Four distinct spinach cultivars—Acadia, Shelby, Escalade, and Corvair—were chosen for this study. Ten seeds were hand-sewn into the soil according to standard agronomic practices, maintaining a 3-inch spacing between seeds in a plot that was 30 inches long and 40 inches wide for each cultivar (Supplemental Fig. 1). The experiment involved two primary base N treatments: CN, derived from natural sodium nitrate (NaNO3), and non-Chilean nitrate (NCN; without any additional N source). The subtreatments included biostimulants (iNvigorate®, B Sure®, and Agrinos®; Agrinos S.A. de C.V., Davis, CA, USA) and a polymicrobial inoculant (Manage™; Pathway BioLogic LLC, Plant City, FL, USA) under both CN and NCN conditions, administered through a drip irrigation system. The biostimulants (iNvigorate®, B Sure®, and Agrinos®) and the microbial inoculant (Manage™) were obtained from Agrinos® and Pathway®, respectively. iNvigorate® is made via a proprietary fermentation process of naturally occurring soil-borne microbes, B Sure® is a foliar nutrient solution derived from microbial fermentation to enhance key metabolic and photosynthetic pathways, and Agrinos® is a nutrient powder that supports crop productivity and a healthy soil microbiome (further details on the biostimulants and microbial inoculant can be found in Table 1). For the CN application, per the manufacturer’s guidelines and NOP standards, we applied CN in the plots four times at 2.24 kg·ha–1 each time. In addition, three applications of Agrinos® (ranging from 0.56 to 4.50 kg·ha–1), B Sure® (246.58 kg·ha–1), and iNvigorate® (246.58 kg·ha–1) were done at planting, 7 d postplanting, and 14 d postplanting. Manage™ was applied four times: 0.70 kg·ha–1 at planting and 0.28 kg·ha–1 at 14 d, 21 d, and 28 d postplanting). Control plots, which did not receive CN or biostimulant applications, were also included. The experimental design used a factorial randomized block design with two subfactors (biostimulants and spinach cultivar) (Supplemental Fig. 1). Three replications for each treatment were conducted in our study.
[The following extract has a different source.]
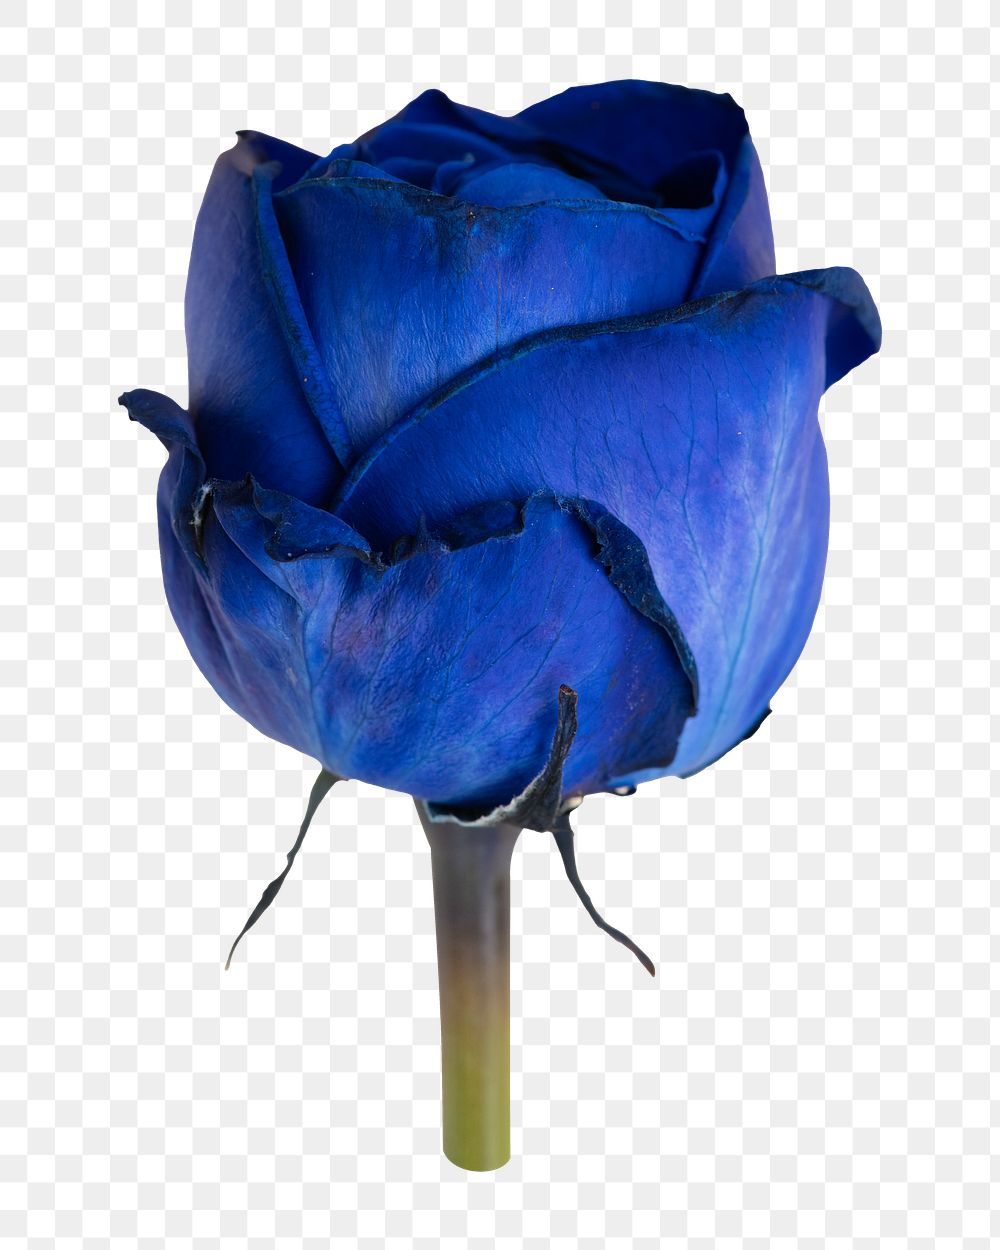 Blue rose png flower sticker, transparent background

The amino acid analysis involved collecting fresh leaf samples at various developmental stages—early vegetative (DS1), vegetative (DS2), reproductive (DS3), and postreproductive (DS4)—and placing them in 2-mL centrifuge tubes. These tubes were promptly flash-frozen in liquid nitrogen (liquid N2) and stored at –80 °C until needed. Amino acid extraction was conducted by homogenizing the samples in liquid N2, following the protocol outlined by Joshi et al. (2019). Approximately 20 mg of lyophilized plant tissue was ground into a fine powder using 3-mm Demag stainless steel balls (Abbott Ball Company, CT, USA) and a Harbil model 5G-HD paint shaker to determine the amino acids. The homogenized tissue was suspended in 20 mM cold hydrogen chloride (10 μL·mg–1 of tissue), incubated on ice for 20 min, and centrifuged at 14,600 gn for 20 min at 4 °C. The supernatant was filtered using 0.45-μm 96-well filters (Pall Life Sciences, USA). The filtrate was derivatized with minor modifications using the AccQ-Tag Ultra-Fluor™ derivatization kit (Waters Corporation, Milford, MA, USA). The derivatization was performed as follows: Five microliters of plant extract was mixed with 35 μL borate buffer, and the reaction was initiated by adding 10 μL AccQ-Tag Ultra-Fluor™ reagent (Waters Corporation). The reaction was allowed to proceed for 10 min at 55 °C.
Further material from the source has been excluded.